Et tu Facebook?

While it’s not exactly betrayal, being defriended can feel like it is, especially when you’re still friends with the person in real life.

Friending, liking, fans are new – well newly adopted at least – concepts that have invaded our popular culture.  We find out more about our friends through status updates than through actual dialogue.  People post their likes, their gripes and their desires faster than you can read them.  Suddenly, you realize how much or little you have in common.  Fascinating how some are willing to share intimate tidbits about their lives over the Internet, but remain cloistered in real life.

So when a friend gives you the virtual heave-ho, can you salvage the friendship in real life?

Let me first say that I rarely post on Facebook.  Every once in awhile, I’ll update my status or respond to another post, but for the most part, internet savvy people would label me as a lurker, someone that follows the forum, but doesn’t post.  So when I get defriended, it makes me wonder why.  What’s even more puzzling is when real-not-acquaintances-who-I-talk-to-friends defriend me.  No fights, no falling out or brewhahas that would result in my dismissal.  What went through their minds as they moused their way over to the Unfriend button?  Was the decision made with guillotine swiftness or delayed like the long pause before nuclear warheads are launched?

One click, poof…friendship’s disappears faster than a magician’s rabbit.

It’s irreversible, once you unfriend someone, you can’t un-unfriend them.  Even if my friends regretted their decisions, there is no way to friend me back without my approval.  Facebook doesn’t allow you to see who or how many people defriended you.

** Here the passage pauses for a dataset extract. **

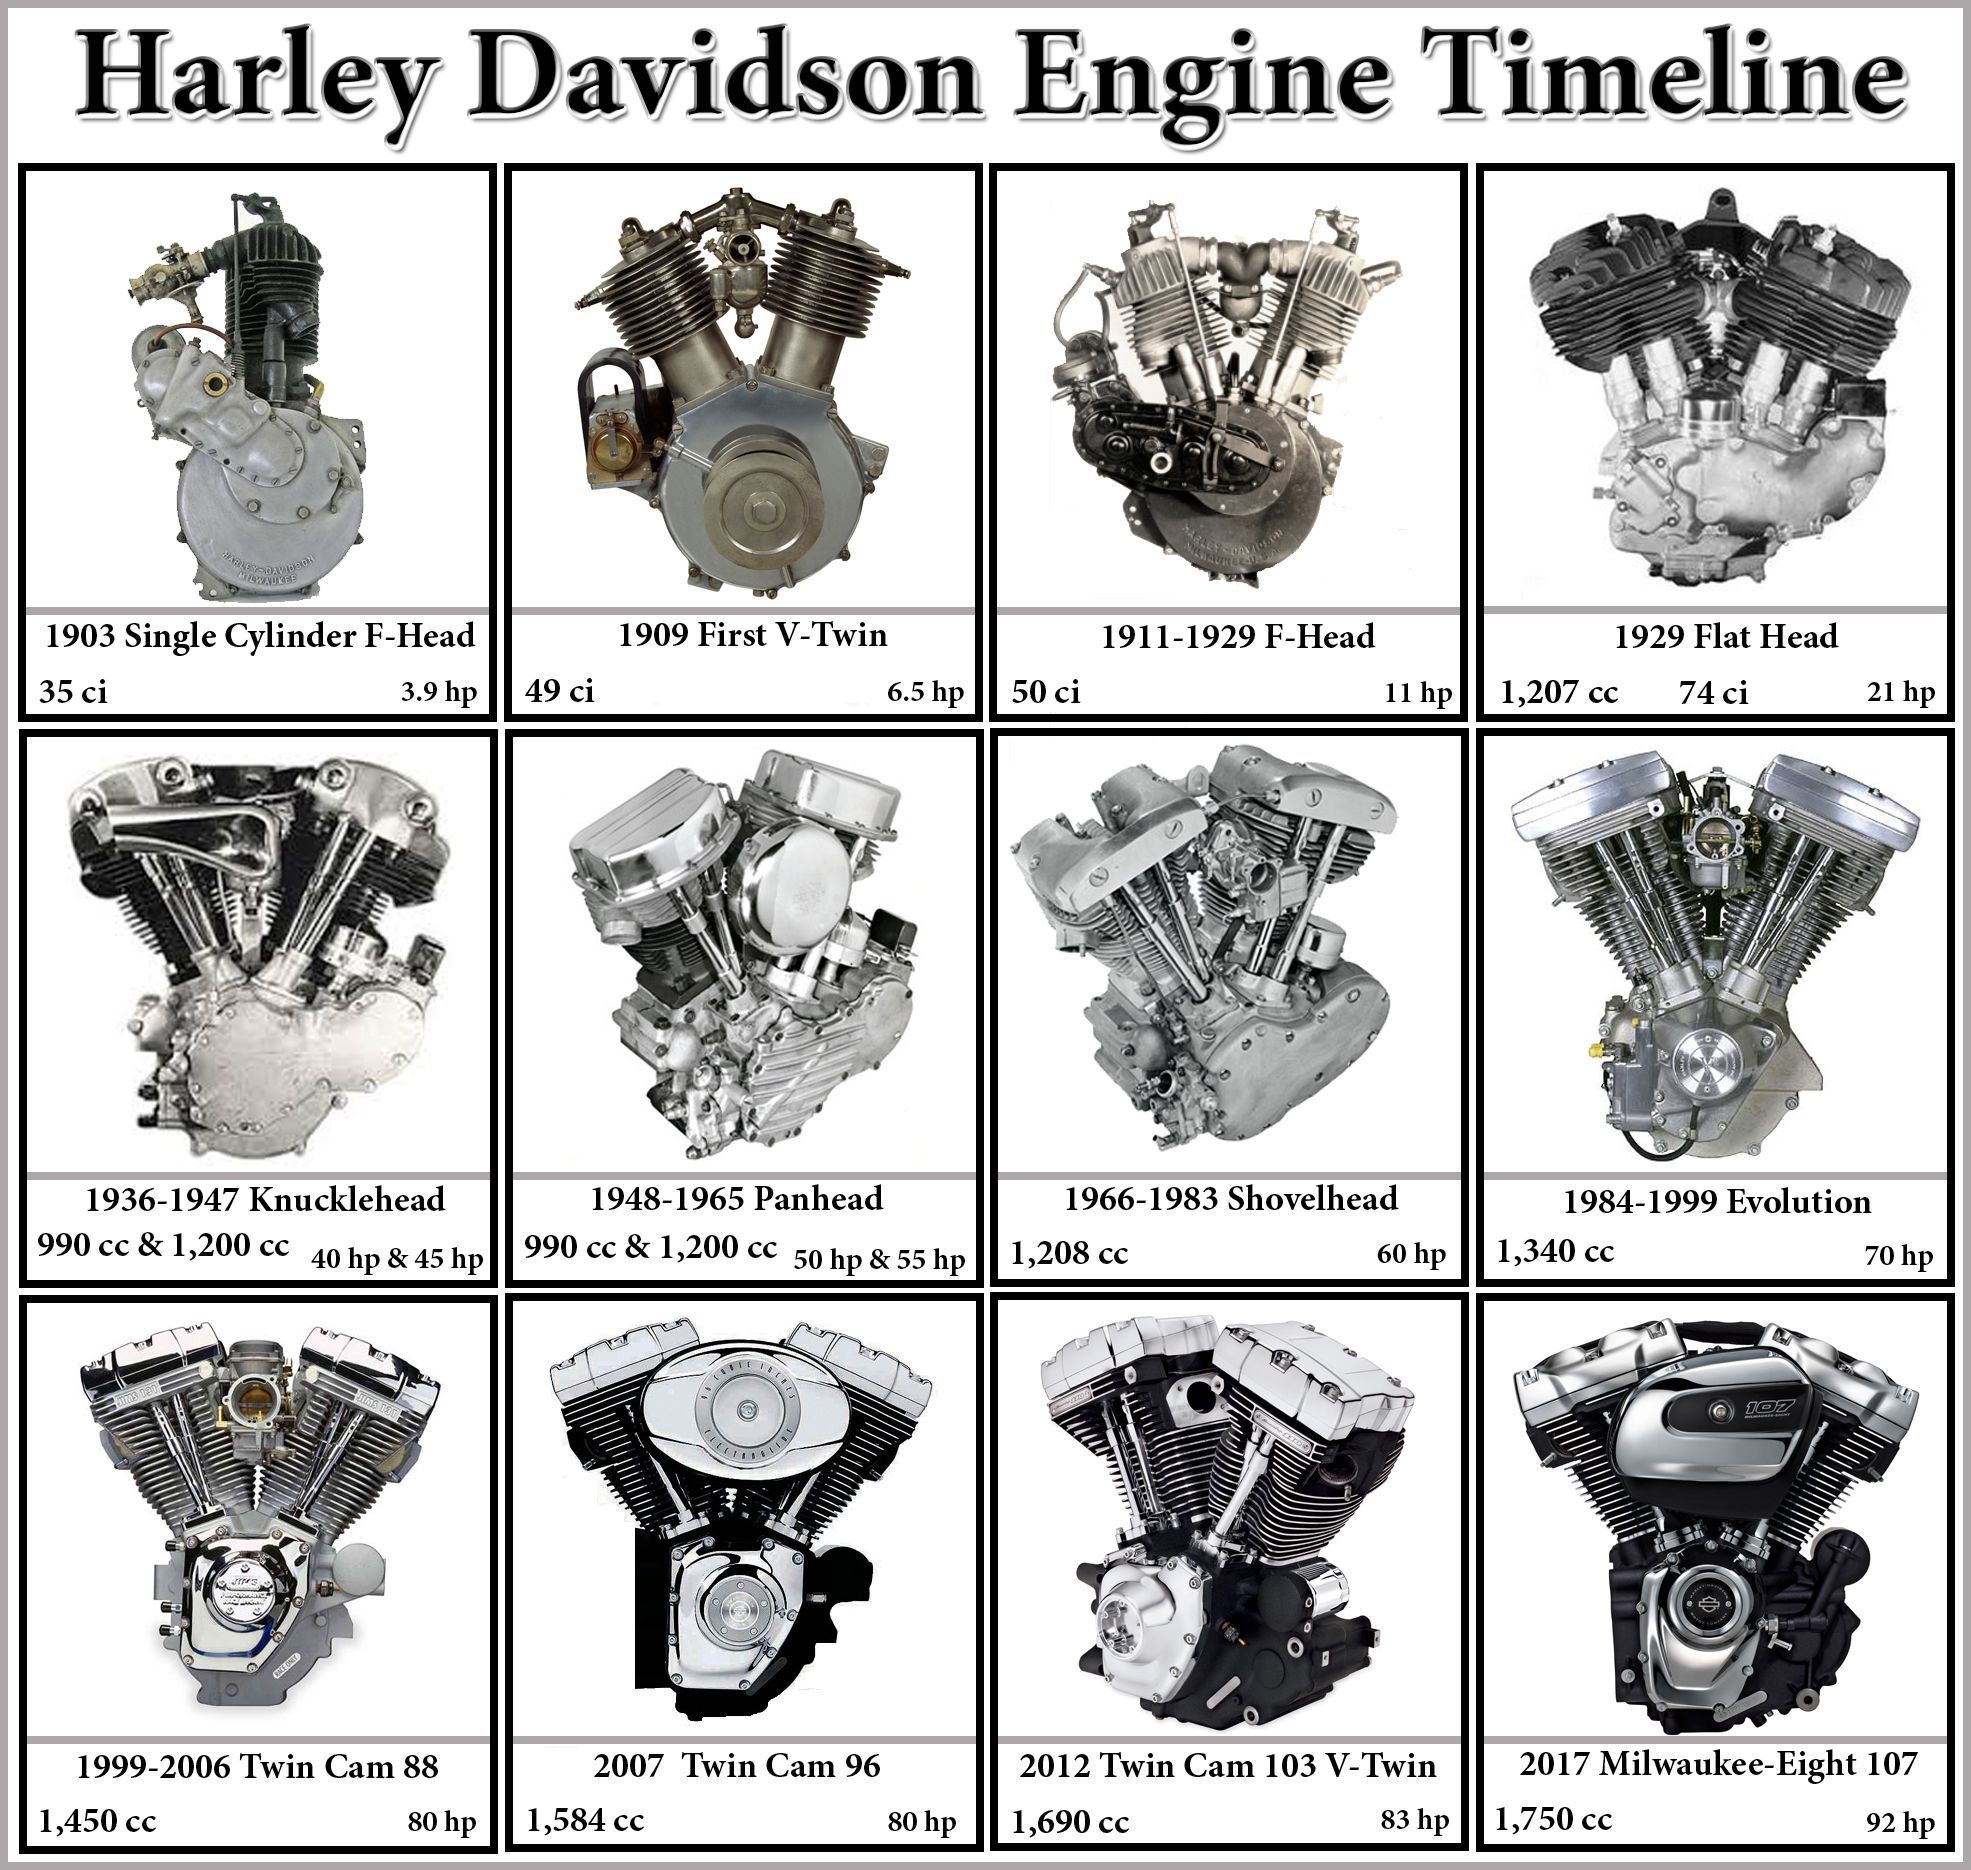 Infographic showing how harley davidson motors have developed and changed over time
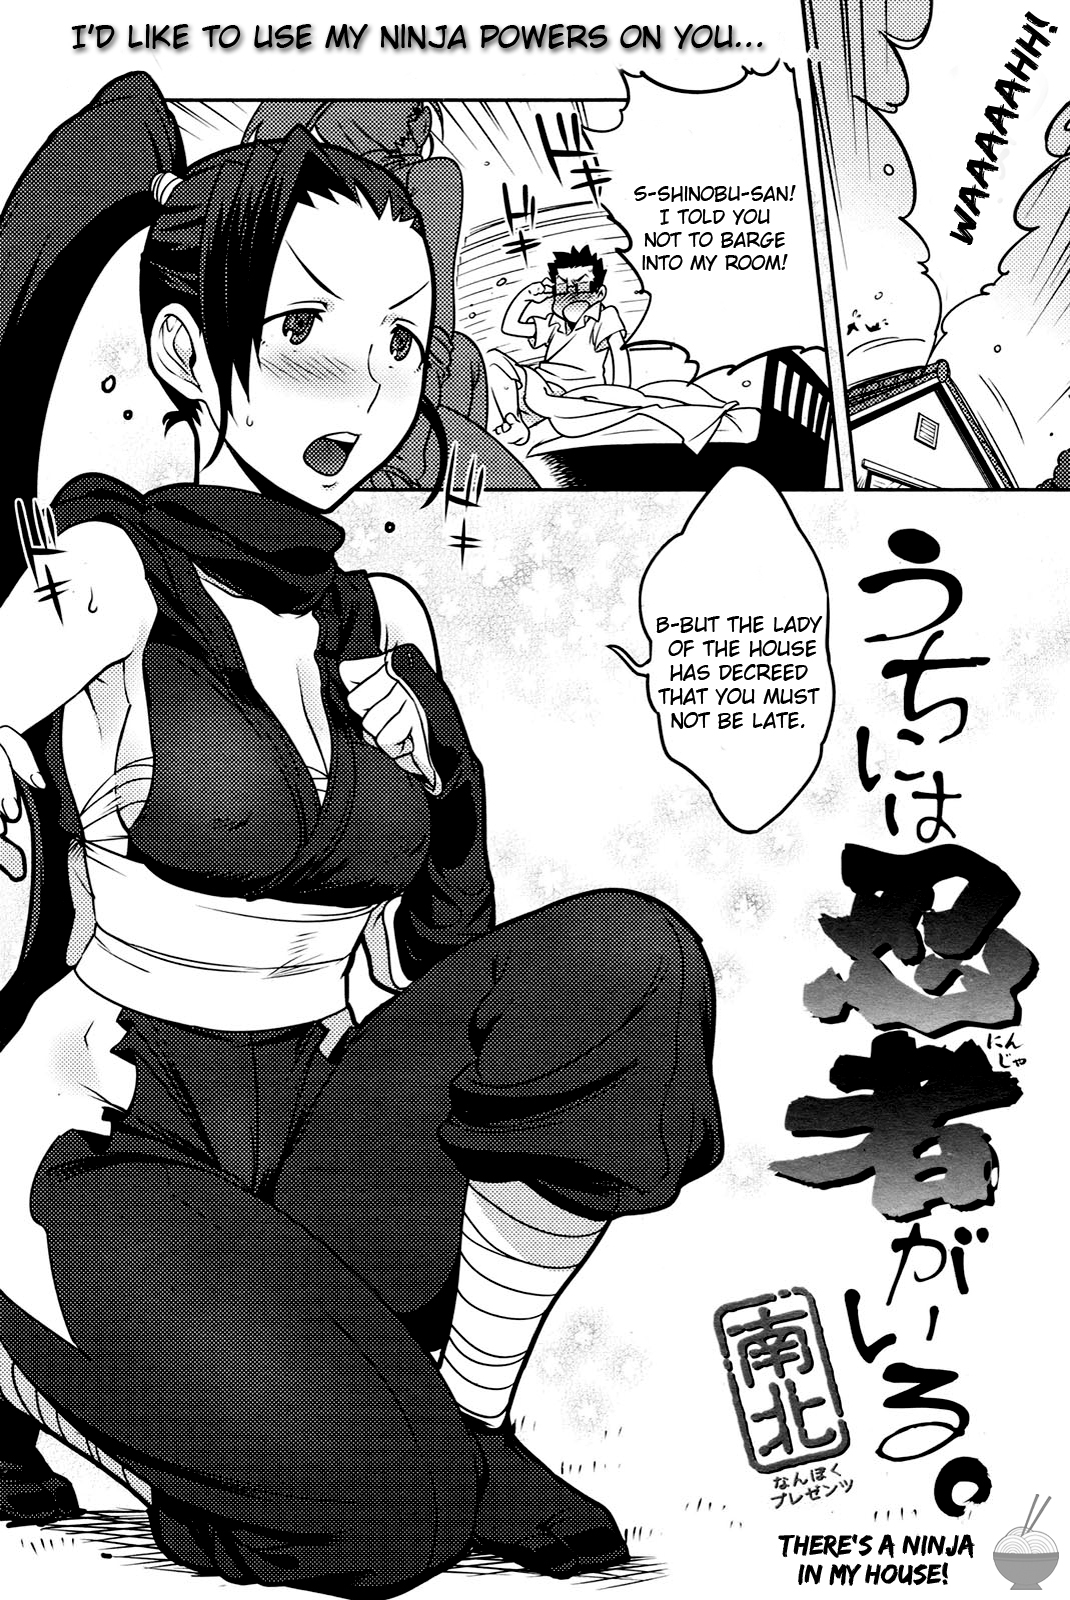 [Nanboku] There's a Ninja in my House! [English] [Soba-scans] page 2 full

The last time I found out I was defriended happened when a “friend” instant messaged me.  The conversation started out with the usual pleasantries until I mentioned that I hadn’t seen any Facebook posts from him.  Long pause…cue the crickets.

“I defriended you,” he finally wrote.

“Interesting,” I replied.

When questioned, he said my negativity and bitterness didn’t mesh well with him.

“Fair enough,” I responded.

“Don’t take it personally,” he added, “it’s only Facebook.”

Truthfully, I didn’t take it personally.  He was right, it was only Facebook, but what troubled me was that he still wanted to be friends with me outside of Facebook.  I guess I’m only negative and bitter online, in real life, I was rainbows and wagging puppy dog tails.

I wondered if we could still be friends, if I resented him for excluding me and that my no longer wanting to be friends in real life was retaliatory.

Defriend me will you?  I’ll show you

And if I that was true, do you blame me?  Nobody takes rejection well.

In the end, I concluded that all was not lost.  Friends exist because of connections, real ones, not the ones that plug into our computers.  I don’t know when the lines of virtual and real friendships got crossed, but I much prefer to lose the virtual one.  So what if I have one less Facebook friend, it’s not a popularity contest.

Or is it?

Sigh…I guess that’s a question for another time.